[Opening EXERCISE DATA section]
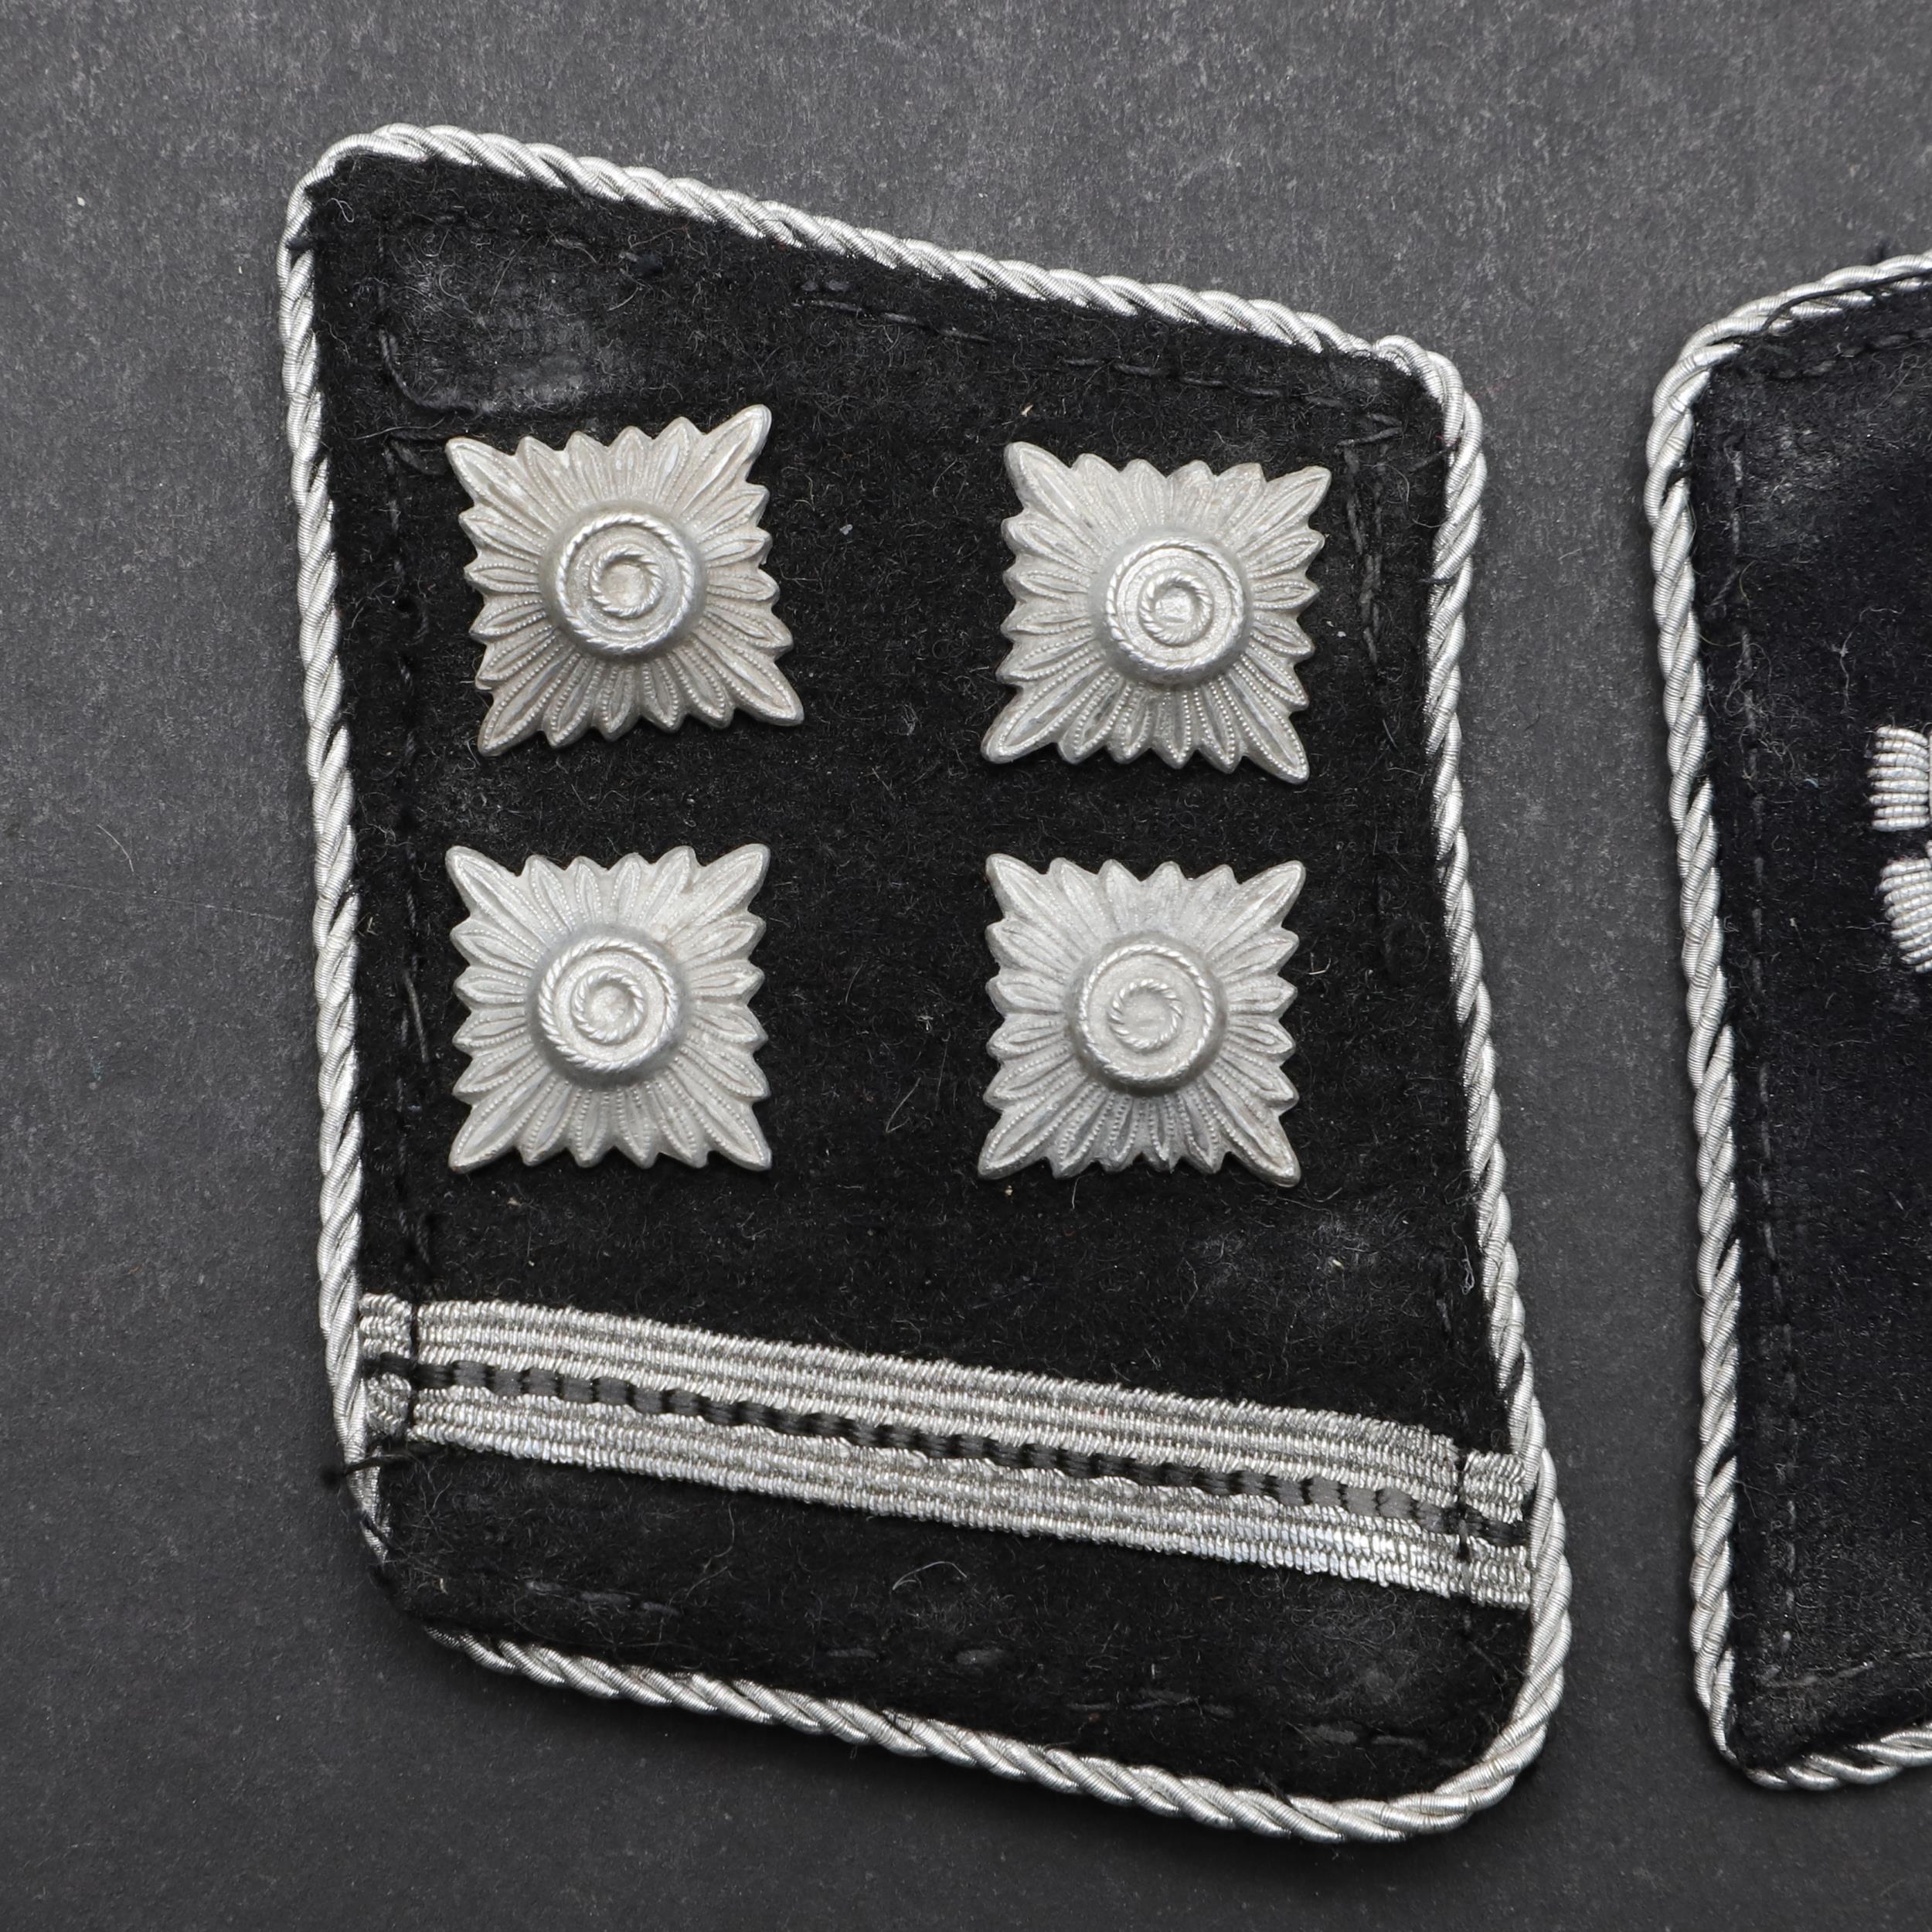 A PAIR OF SECOND WORLD WAR GERMAN SS OFFICER'S COLLAR PATCHES. - Image 2 of 4
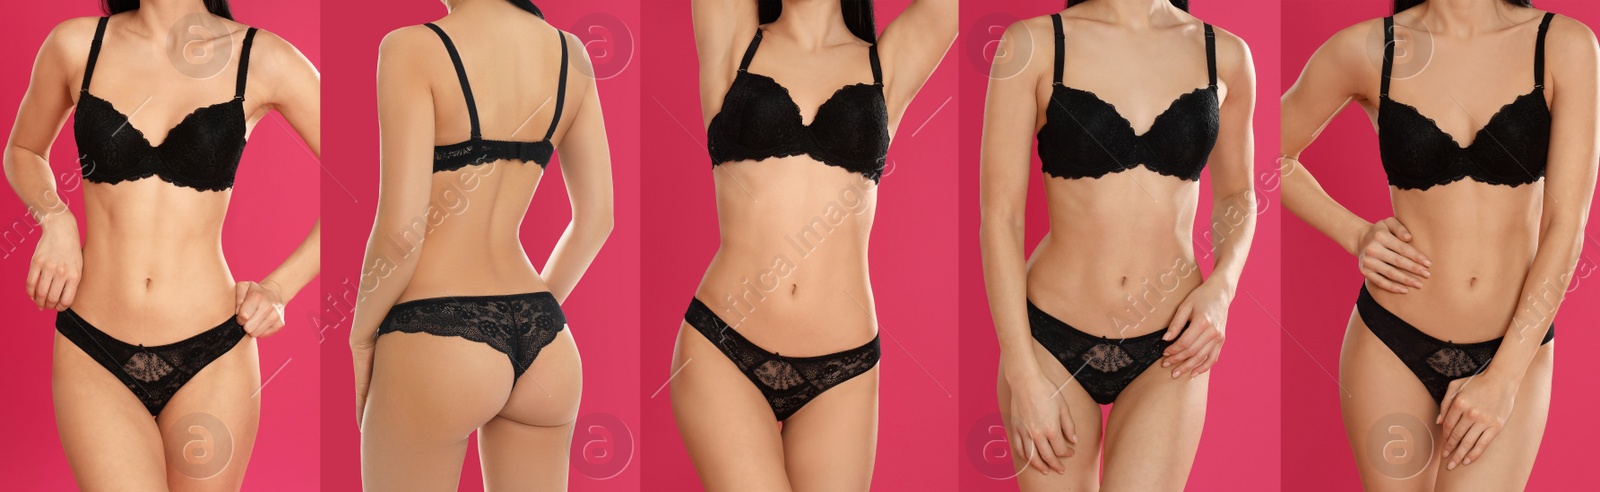 Image of Collage of young woman in black underwear on pink background, closeup
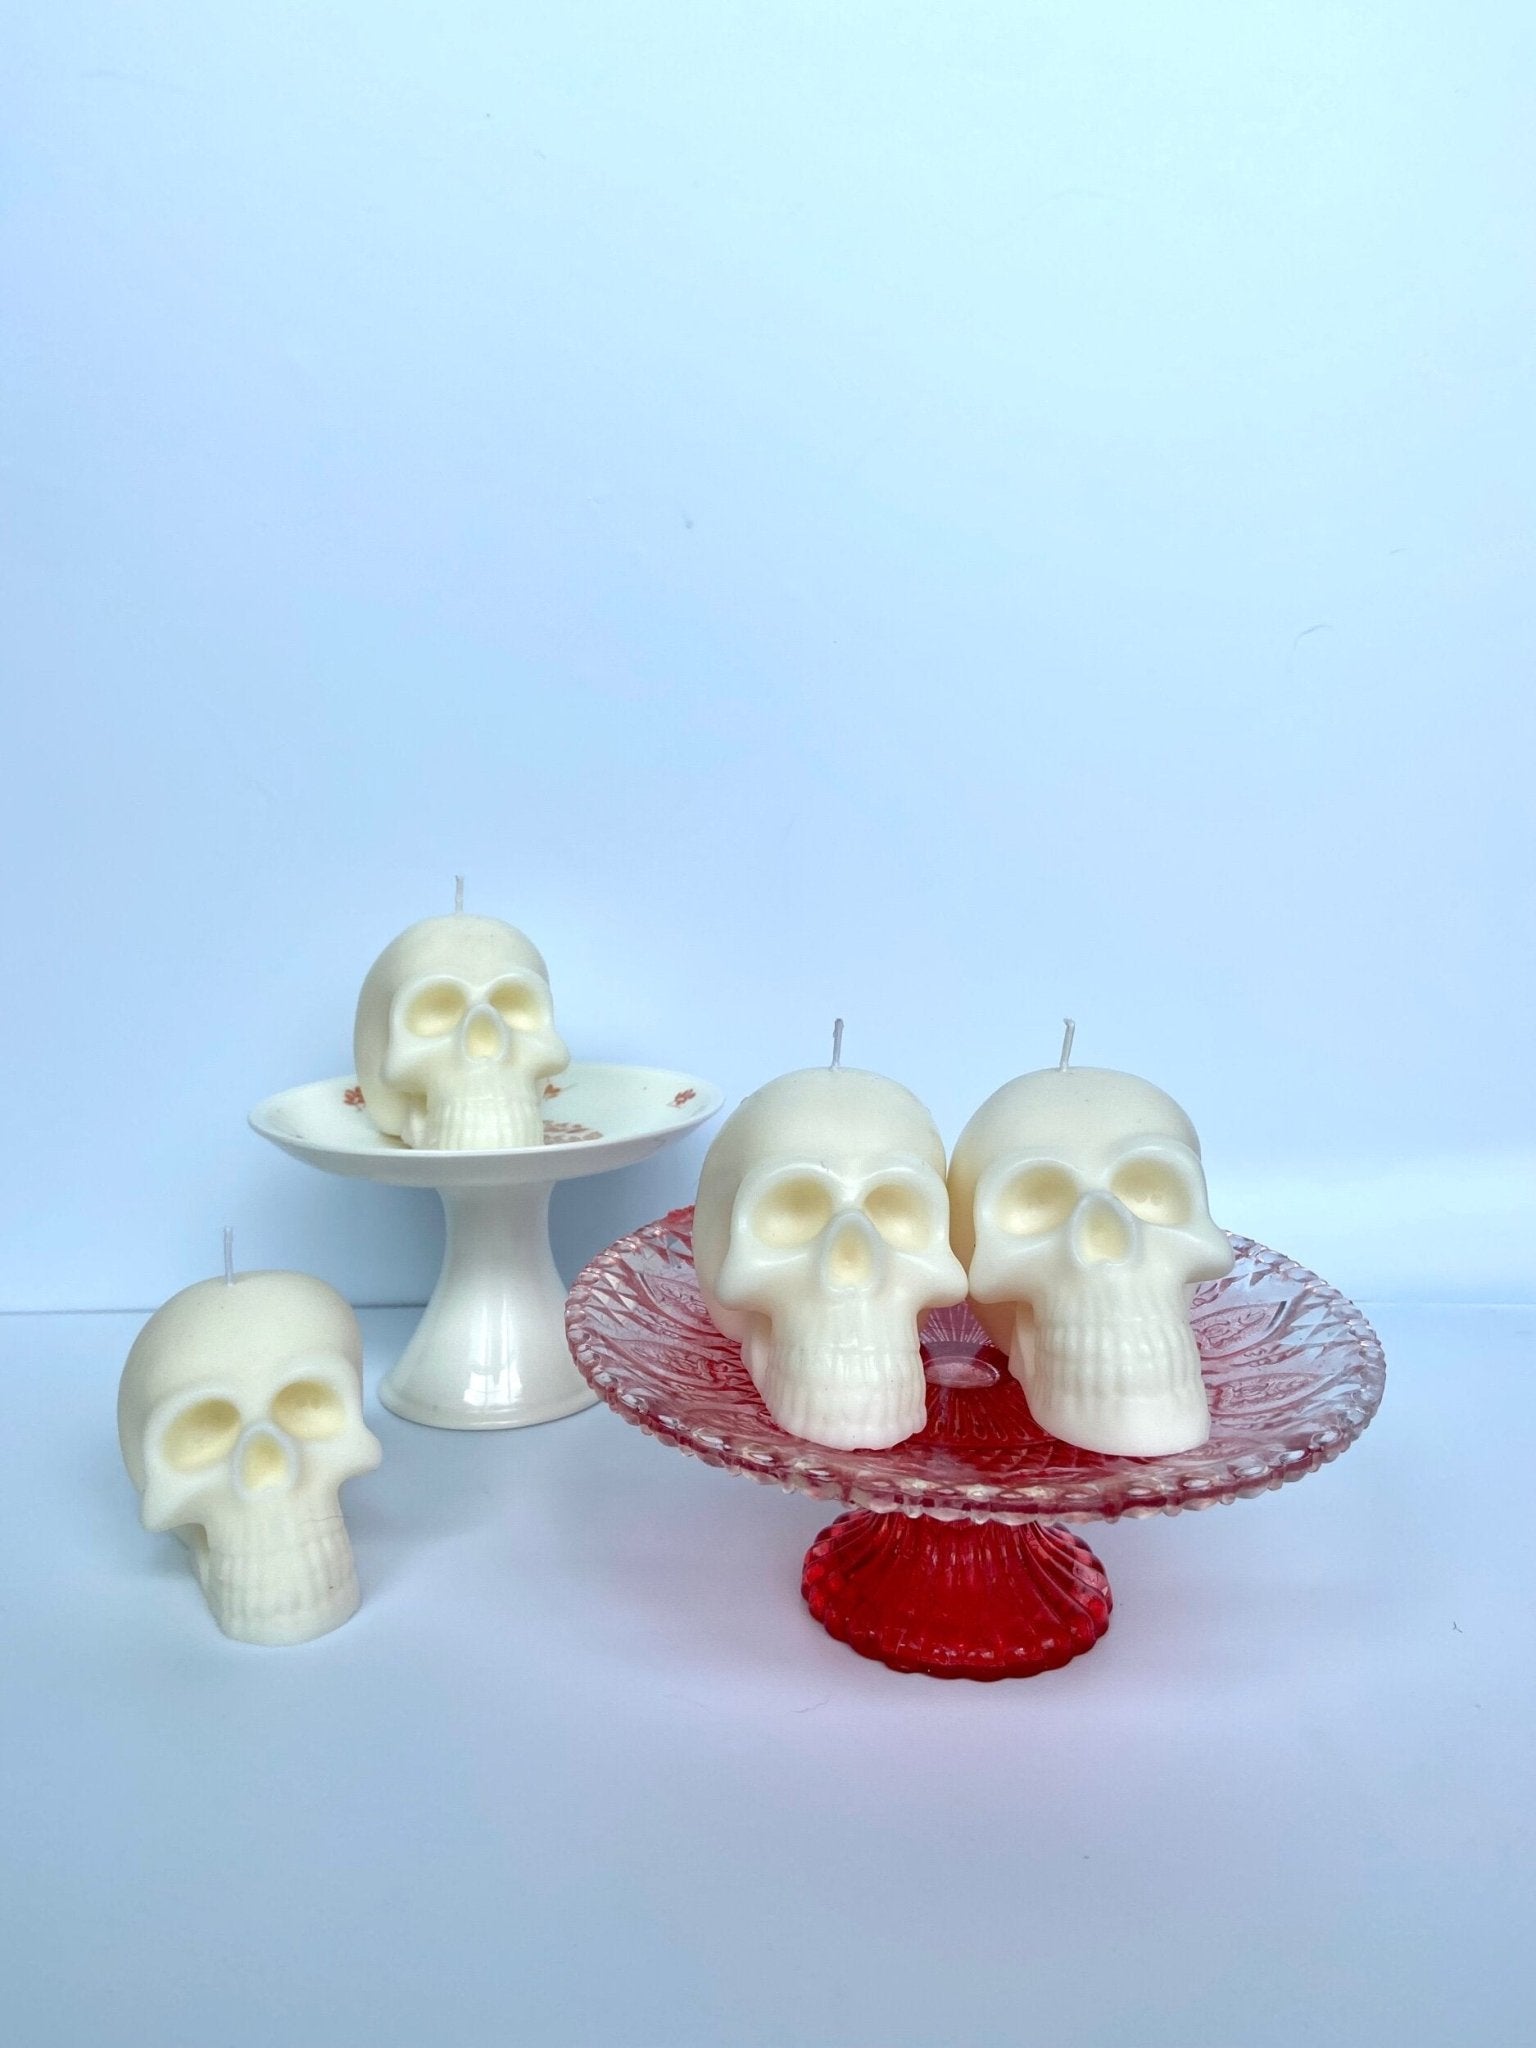 Skull Candle - Kendall's Kandles
[Closing EXERCISE DATA section]
TASK PROMPT
Could you give all of the data again exactly as written, omitting any pictures?

RESPONSE FOR THIS EXERCISE
 A PAIR OF SECOND WORLD WAR GERMAN SS OFFICER'S COLLAR PATCHES. - Image 2 of 4
 Image of Collage of young woman in black underwear on pink background, closeup
 Skull Candle - Kendall's Kandles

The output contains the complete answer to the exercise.